# TRY IT
Once the pictures are set aside, transcribe each line of the listing exactly.

# INPUT DATA
::::

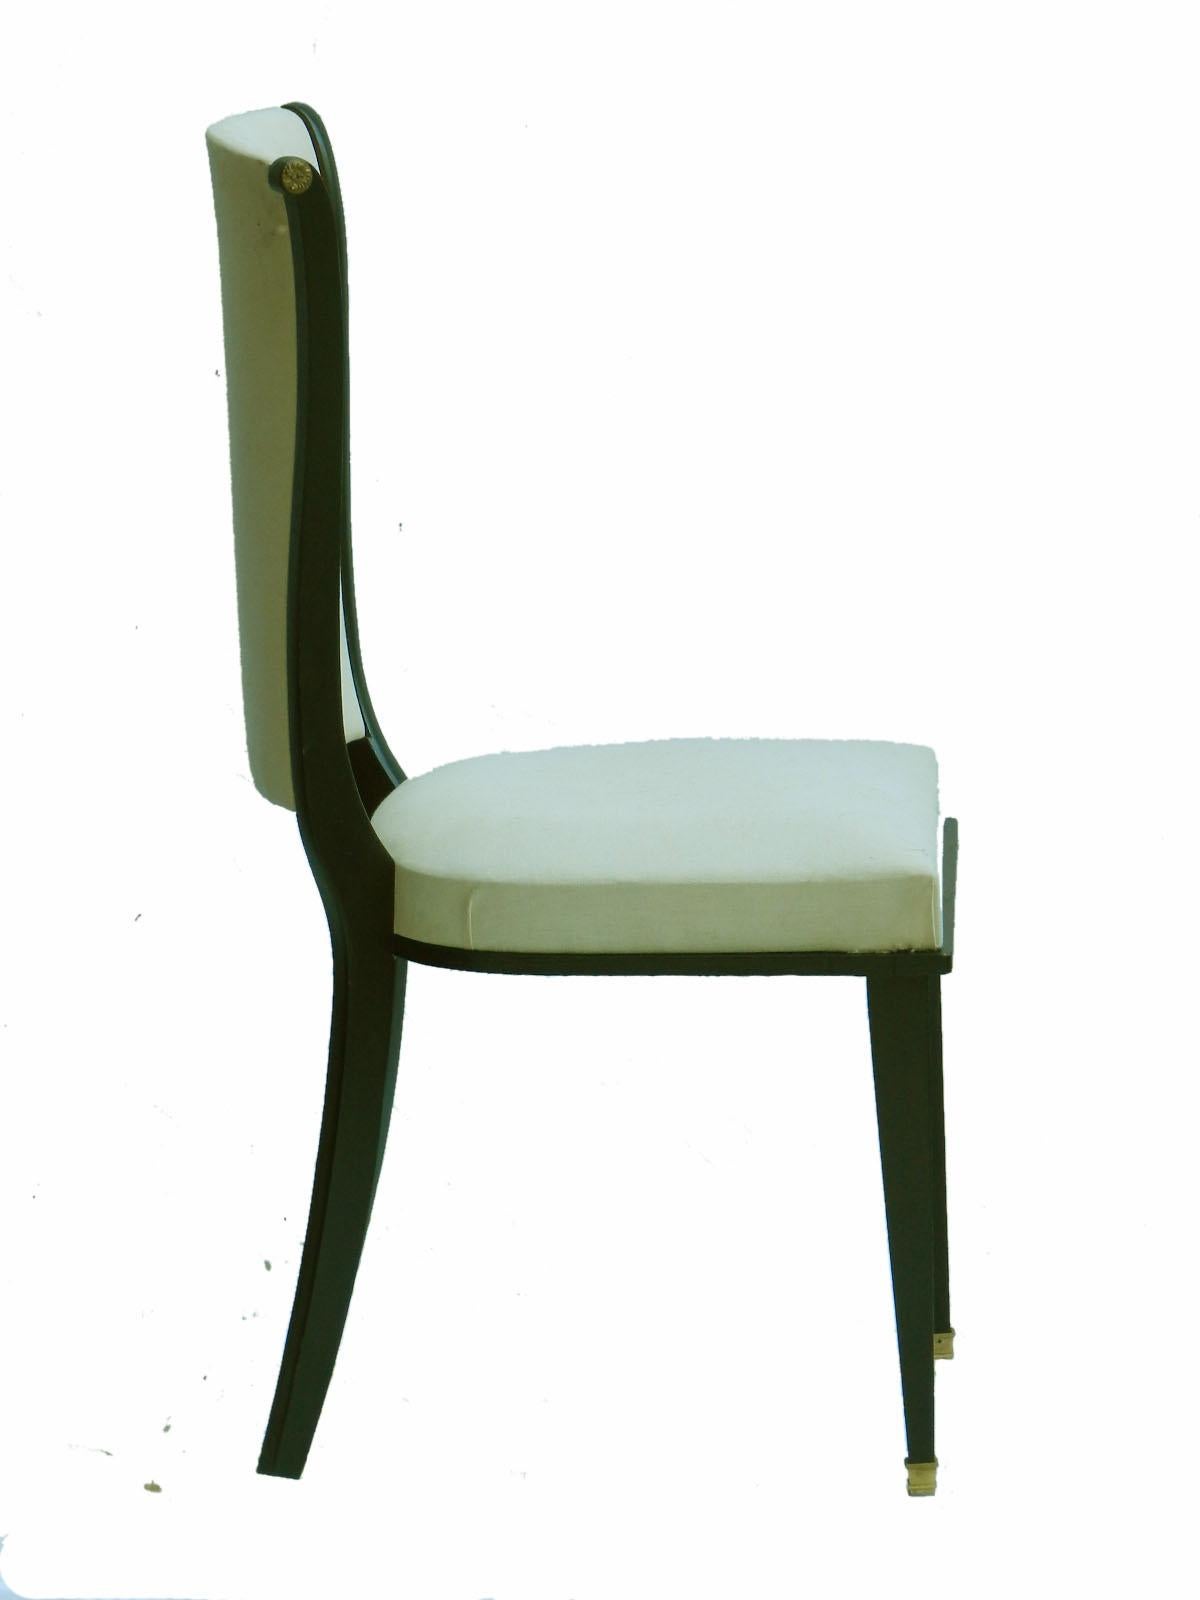 Six dining chairs Art Deco Empire revival French, circa 1940-1960 Mid Century manner of Andre Arbus 
Upholstered and ebonised wood
With brass feet and side roundels
These will be sent covered to 'calico' undercovers ready for top covers 
Or if you
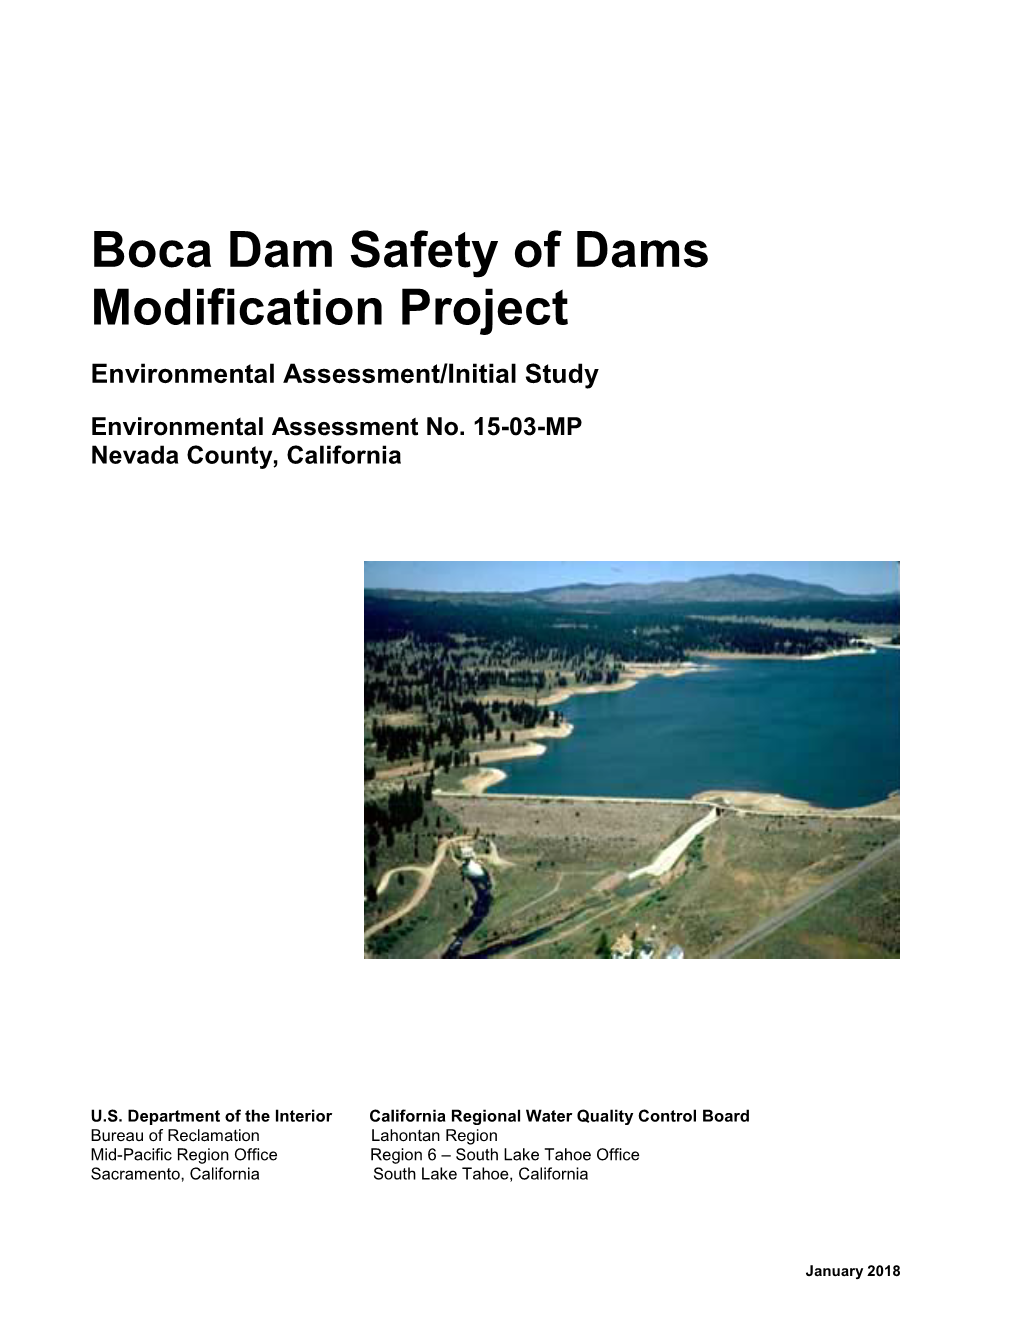 Boca Dam Safety of Dams Modification Project
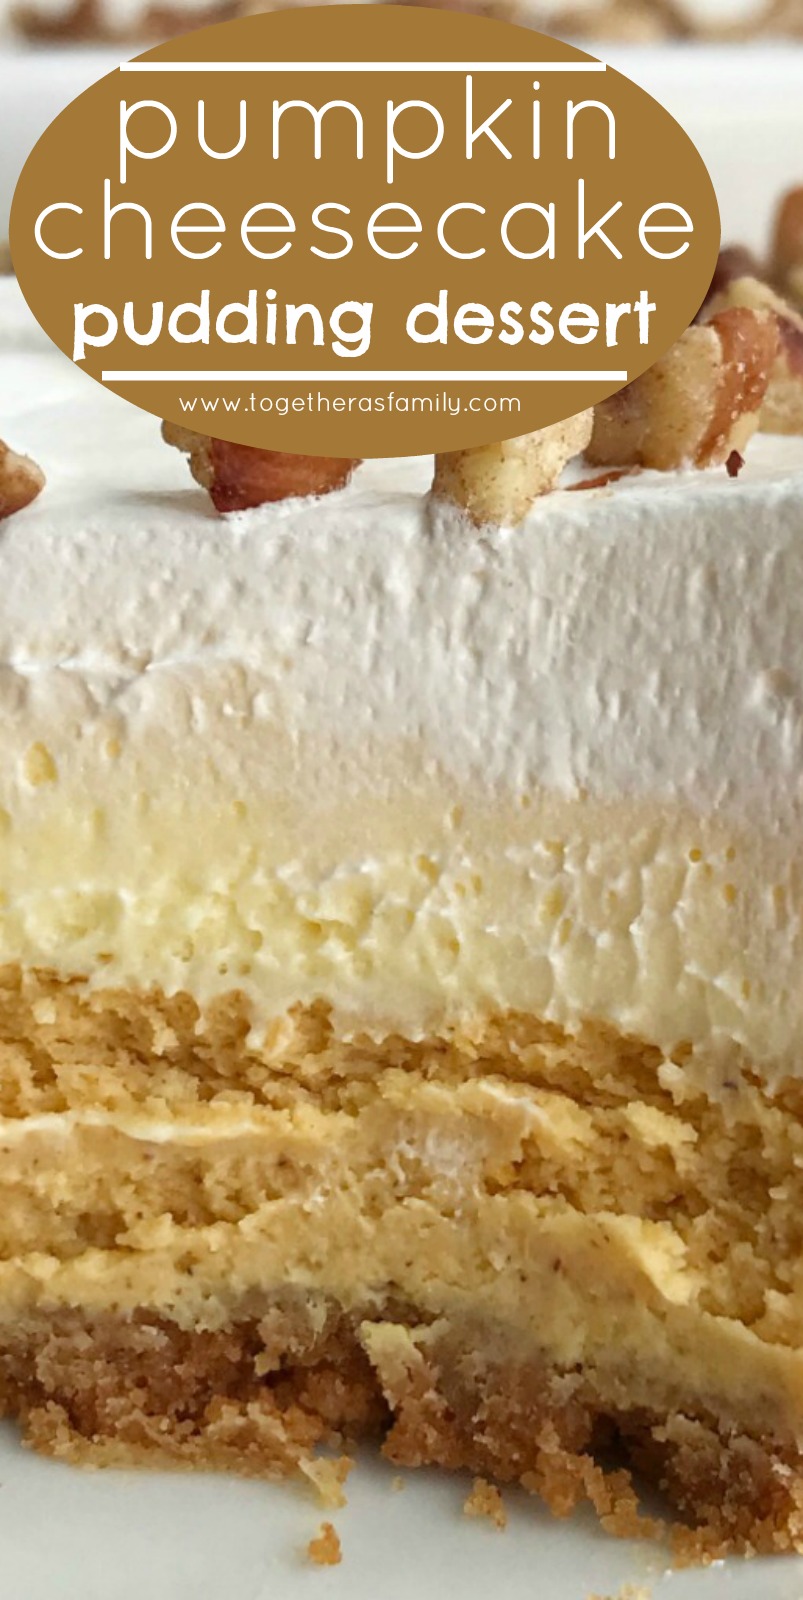 Pumpkin Cheesecake Layered Pudding Dessert | Pumpkin Dessert Recipe | Fall Baking | Pumpkin Recipes | Pumpkin cheesecake pudding dessert is a layered dessert made in a 9x13 baking dish. Cinnamon cracker crust, topped with a creamy pumpkin cheesecake, fluffy vanilla pudding, and Cool Whip. Garnish with pecans for the best pumpkin dessert this Fall. #pumpkin #pumpkinrecipes #cheesecake #dessertrecipe #fallbaking #recipeoftheday
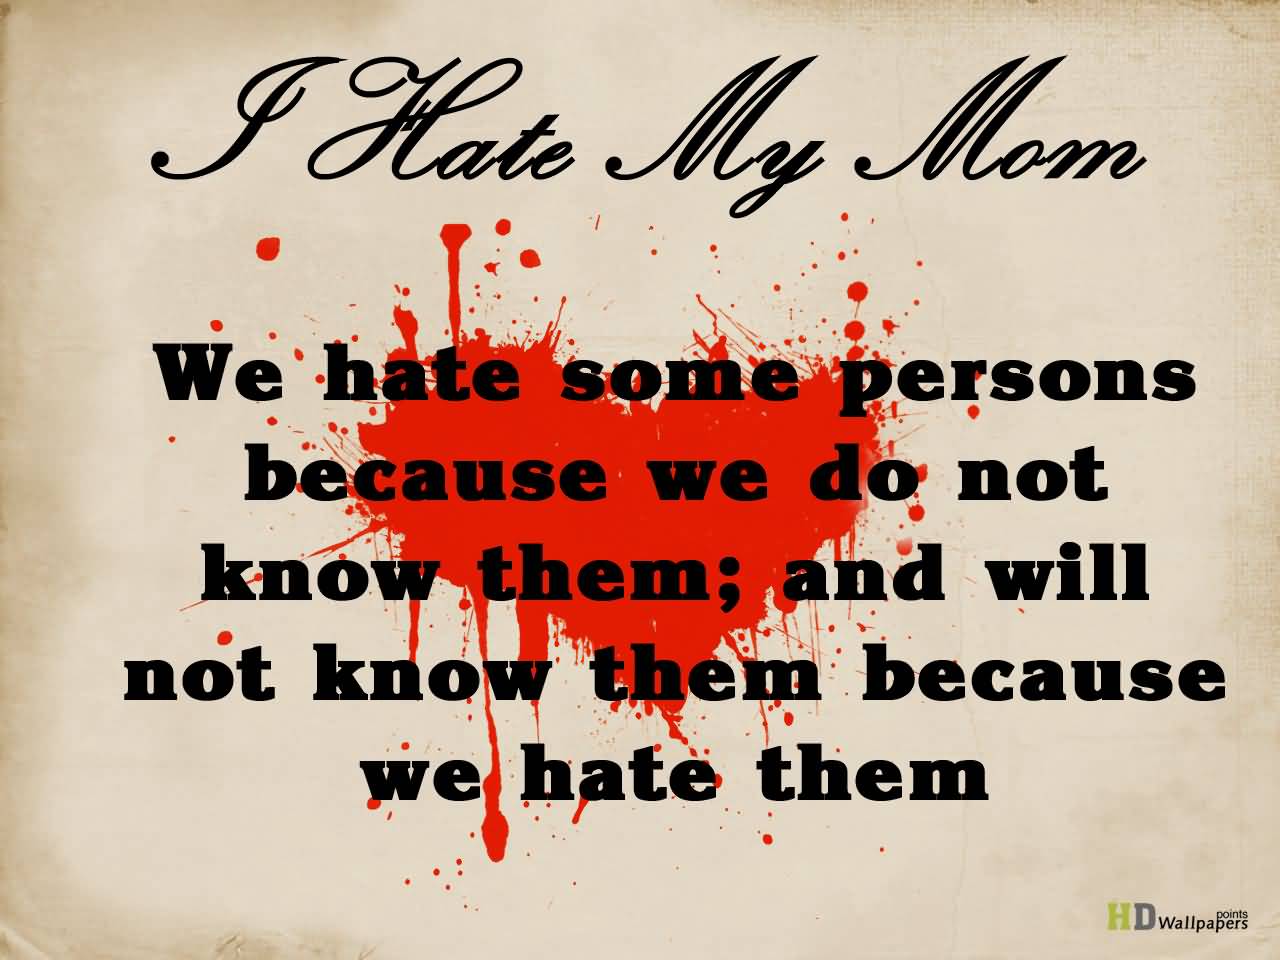 We hate some persons because we do not know them; and we will not know them because we hate them

::::

# RESPONSE FOR THIS EXERCISE
 Six dining chairs Art Deco Empire revival French, circa 1940-1960 Mid Century manner of Andre Arbus 
Upholstered and ebonised wood
With brass feet and side roundels
These will be sent covered to 'calico' undercovers ready for top covers 
Or if you
 Boca Dam Safety of Dams Modification Project
 Pumpkin Cheesecake Layered Pudding Dessert | Pumpkin Dessert Recipe | Fall Baking | Pumpkin Recipes | Pumpkin cheesecake pudding dessert is a layered dessert made in a 9x13 baking dish. Cinnamon cracker crust, topped with a creamy pumpkin cheesecake, fluffy vanilla pudding, and Cool Whip. Garnish with pecans for the best pumpkin dessert this Fall. #pumpkin #pumpkinrecipes #cheesecake #dessertrecipe #fallbaking #recipeoftheday
 We hate some persons because we do not know them; and we will not know them because we hate them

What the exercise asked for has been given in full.